DivX 5.0: From T-shirt To Dress Suit

Quo Vadis, DivX?

The DivX Networks, Inc. team has put on a new suit. But a suit doesn't necessarily add up to professionalism and market success. Still, DivX Networks has outstanding preconditions for making it in the market: we see parallels to MP3. When the audio codec stabilized and the advantages of high data compression rates became clear to many users, it started a victory march that went around the world. Diamond Multimedia, the first to introduce an MP3 player to the market as a consumer product, showed they were ready for the risk. After that, the market became oversaturated with MP3 products. The death knoll has sounded for the good old Walkman with the mechanically operated cassette. Sales figures already bear that out.

Like MP3, DivX/ MPEG-4 could revolutionize the market for digital video. Think of the possibilities: a DVD can be compressed for private use to a file size that allows it to fit on a CD-ROM. Notebook owners can take more than 10 times the video material with them, with the same data capacity. Several episodes of training videos would fit on a notebook hard drive. Several videos could be copied onto a relatively small laptop hard drive, to take them on vacation, for example. DivX/ MPEG-4 Videos allow us to make less demand on Internet data networks, making more efficient use of valuable bandwidth. This format is also superbly suited as a transfer medium. Even the download times for videos on demand can be effectively reduced. Mobile devices like PDAs, UMTS mobile phones, or video Walkmans would finally have a solution for transmitting video sequences.

Until now, DivX Networks has only had a codec for encoding and decoding, which can be easily called up from within applications using the Video-for-Windows API (VfW). The bundled player software, however, is only a perk that will not necessarily be needed - the Microsoft media player will be enough for this purpose.

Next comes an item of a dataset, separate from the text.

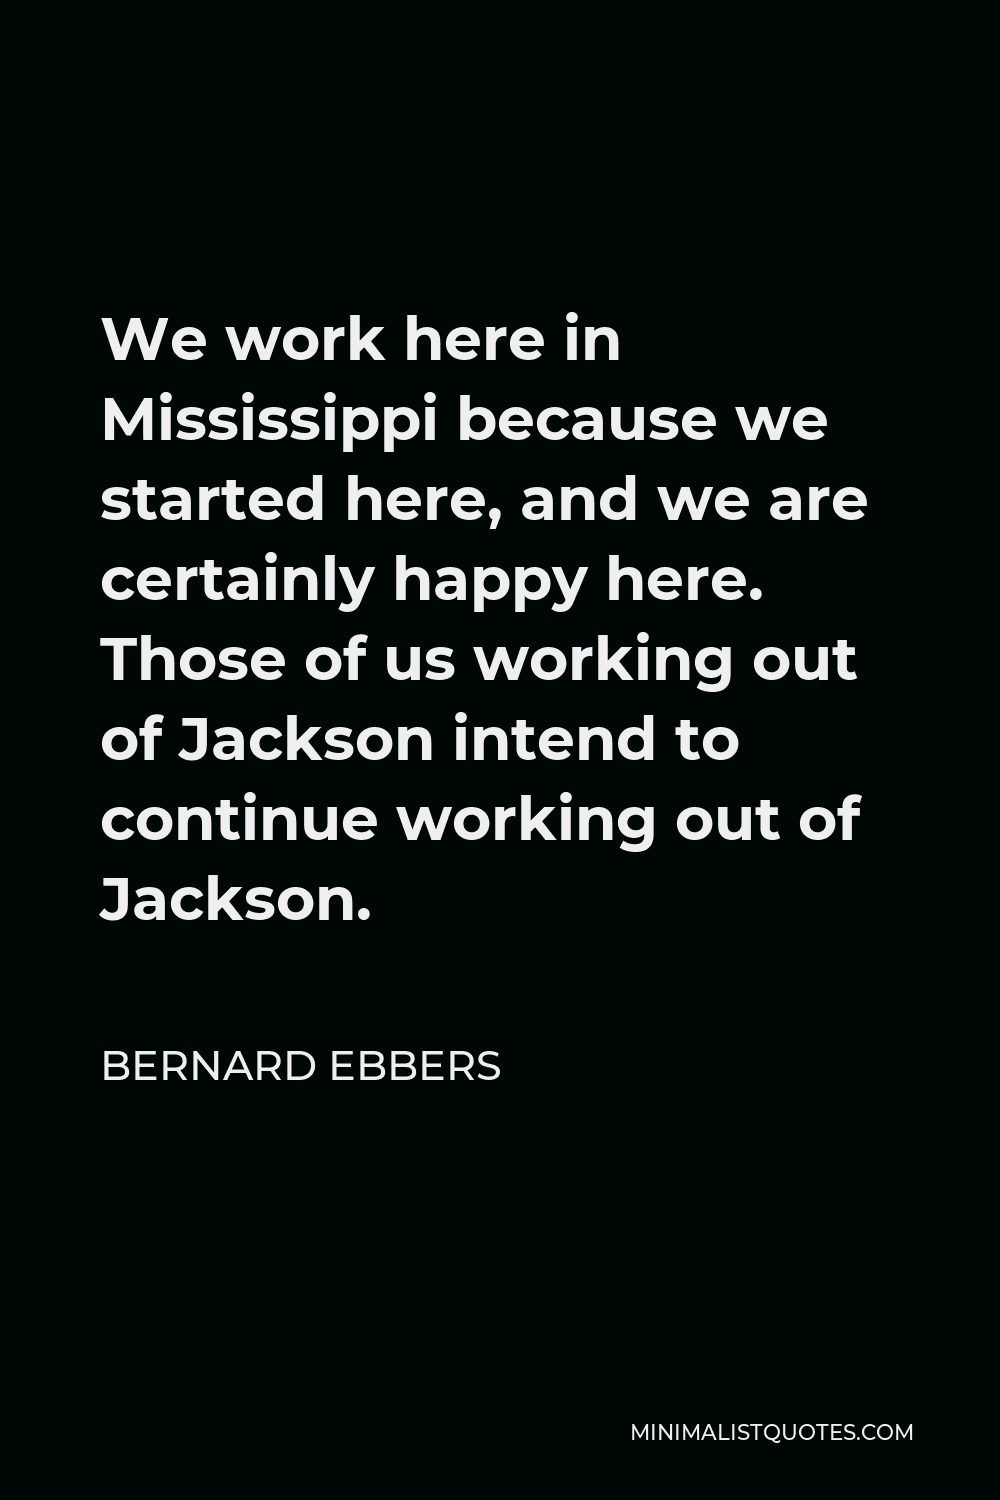 Bernard Ebbers Quote - We work here in Mississippi because we started here, and we are certainly happy here. Those of us working out of Jackson intend to continue working out of Jackson.

From a strategic point of view, it is advisable to improve the user-friendliness of video editing software, because including it in professional applications like Adobe Premiere or Pinnacle Studio will not help it capture the mass market. Those who just want to quickly edit a DV tape from the digicam and send it, or those who want to copy several DVDs onto CD-ROMs must suffer through relatively difficult-to-use programs. That means they have to do complicated calculations of data rates in order to compress a DVD so that it will take full advantage of the capacity of a CD-R. If DivX Networks manages to reach a broad segment with simple pack-and-go tools, the company itself could profit with a victory march.